The above-mentioned studies on TPDF simulations mainly focus on open-hole completions for vertical/horizontal wells [16,32 -33,35 -37] or polyvinyl chloride casing perforation completions [38], which differ significantly from the on-site perforation completion methods. In addition, there is currently limited experimental research on the influence of the number of single-cluster perforations in horizontal wells on the propagation of multi-fractures, and there is still controversy over the primary controlling factors affecting the diversion effect of HFs in shale formation. This paper adopted the shale outcrop of Silurian Longmaxi Formation in the Sichuan Basin, SW China, to carry out true triaxial TPDF simulation experiment of horizontal well with multi-cluster sand jetting perforation, to study the effects of TPA particle size, TPA concentration, number of single-cluster perforations, and cluster numbers on the initiation, propagation, and diversion of multi-fractures.
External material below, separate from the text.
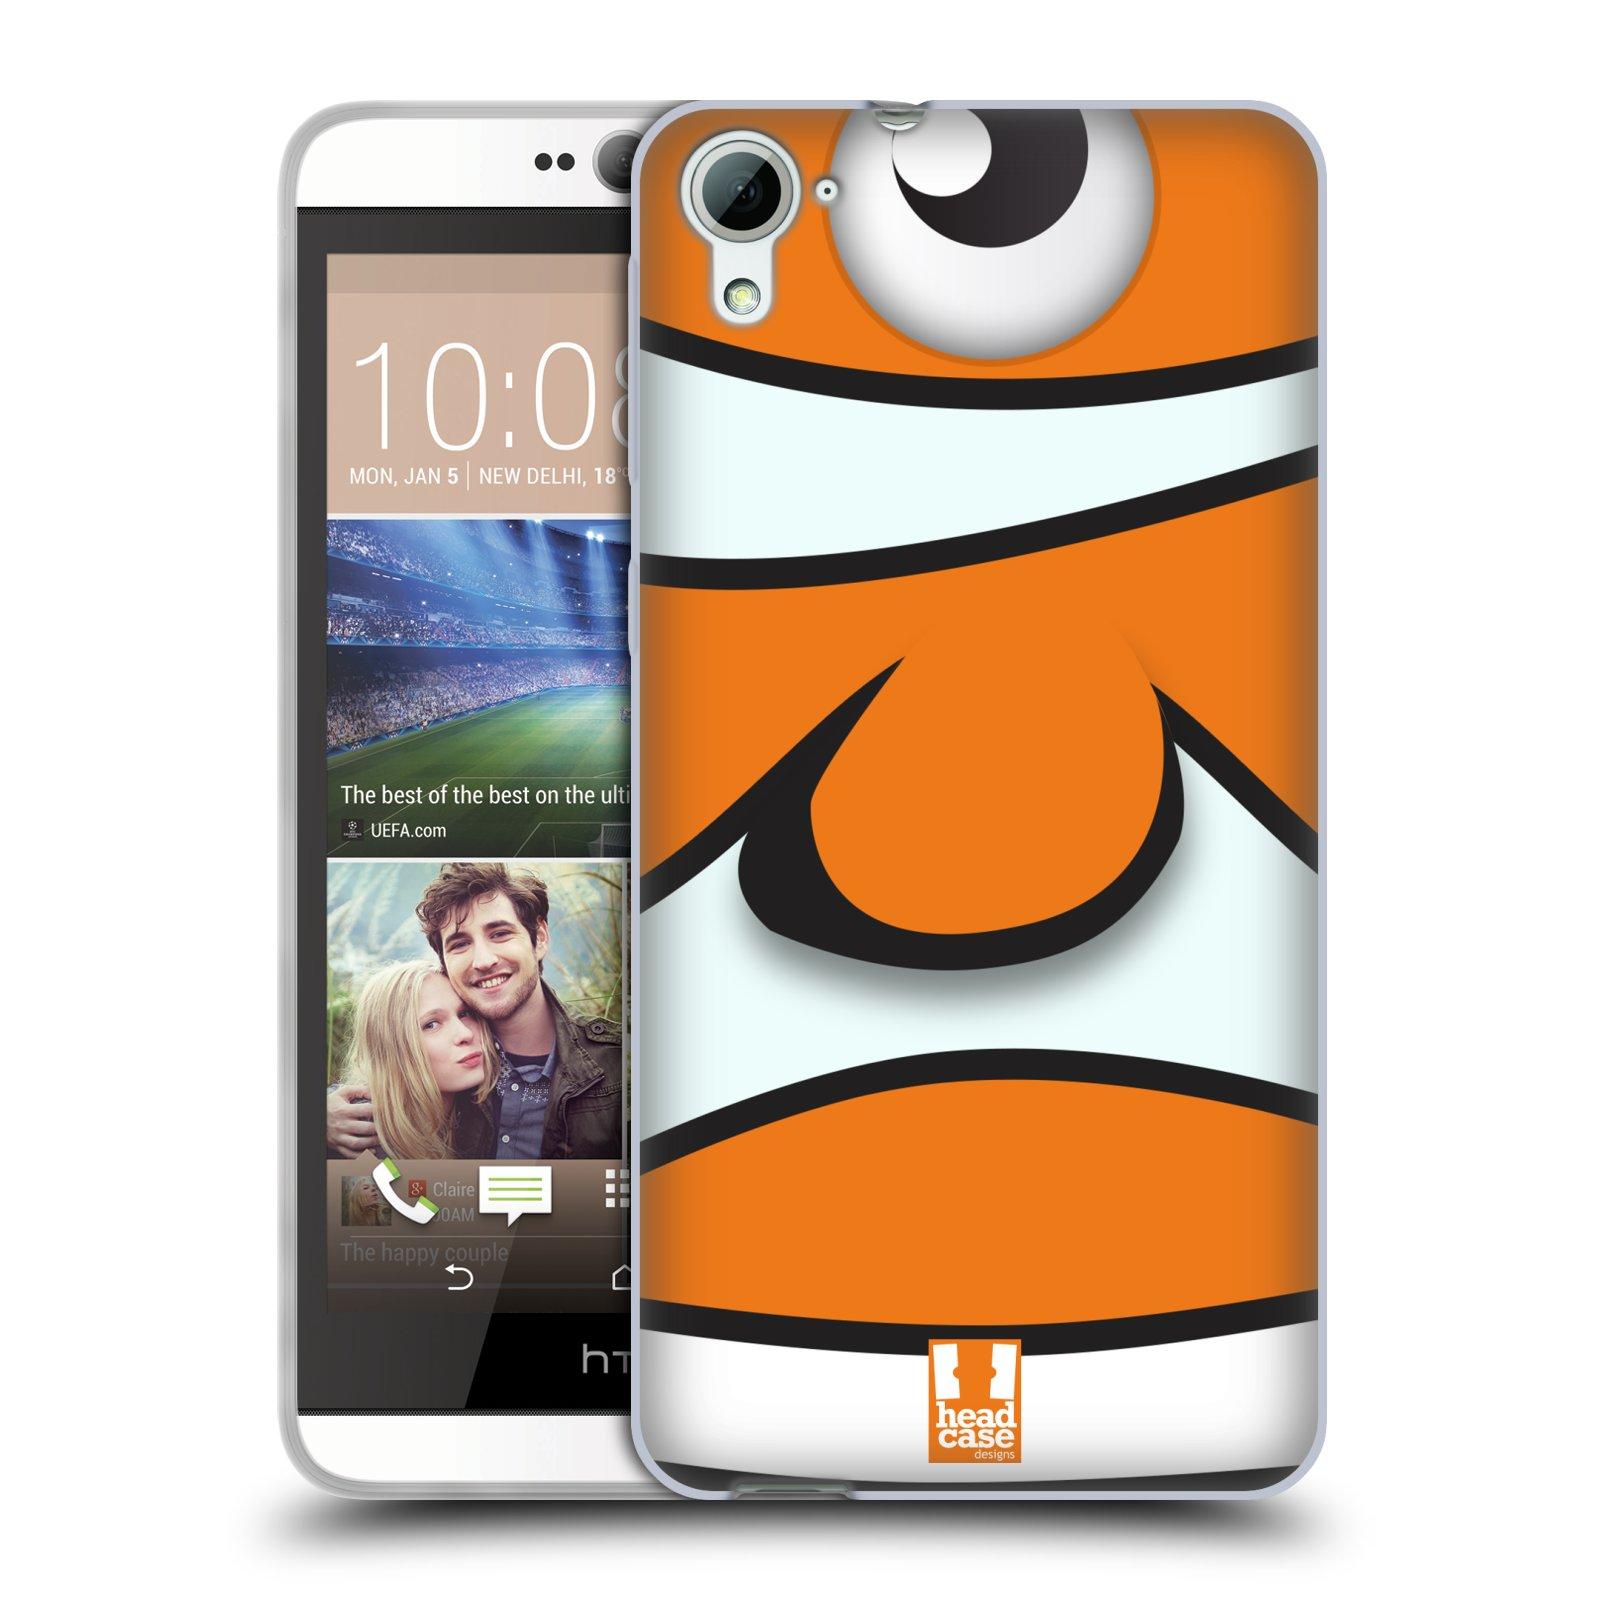 HEAD CASE silikonový obal na mobil HTC DESIRE 826 vzor Rybičky z profilu klaun oranžová NEMO

The aim is to provide a basis for the design of key parameters in TPDF processes for shale reservoirs with developed beddings.

1. TPDF simulation

The experimental rock samples were obtained from the outcrop of Silurian Longmaxi Formation shale in the Sichuan Basin (underground mine in Changning County). The mineral compositions of the shale are predominantly silica and clay minerals, with quartz content of 51.8%, clay mineral content of 32.8%, and carbonate and pyrite contents of 9.5% and 5.9%, respectively. The samples exhibit widespread development of beddings and NFs filled with pyrite and carbonate mineral (Fig. 1). The matrix porosity of the rock samples ranges from 4.4% to 5.1%, with strong anisotropy in permeability and mechanical parameters. The formation permeability parallel and perpendicular to the bedding direction are 0.000 236× 10−3 μm2 and 0.000 014×10−3 μm2, respectively. The elastic moduli parallel and perpendicular to the bedding direction are 49.1 GPa and 40.3 GPa, respectively, and the tensile strengths parallel and perpendicular to the bedding direction are 6.8 MPa and 9.2 MPa, respectively. The permeability of mineral-filled NFs is (0.001 22-0.010 63)× 10−3 μm2, with tensile strengths ranging from 4.7 MPa to 7.2 MPa. Overall, bedding planes (BPs) and NFs serve as high-permeability mechanical weak surfaces.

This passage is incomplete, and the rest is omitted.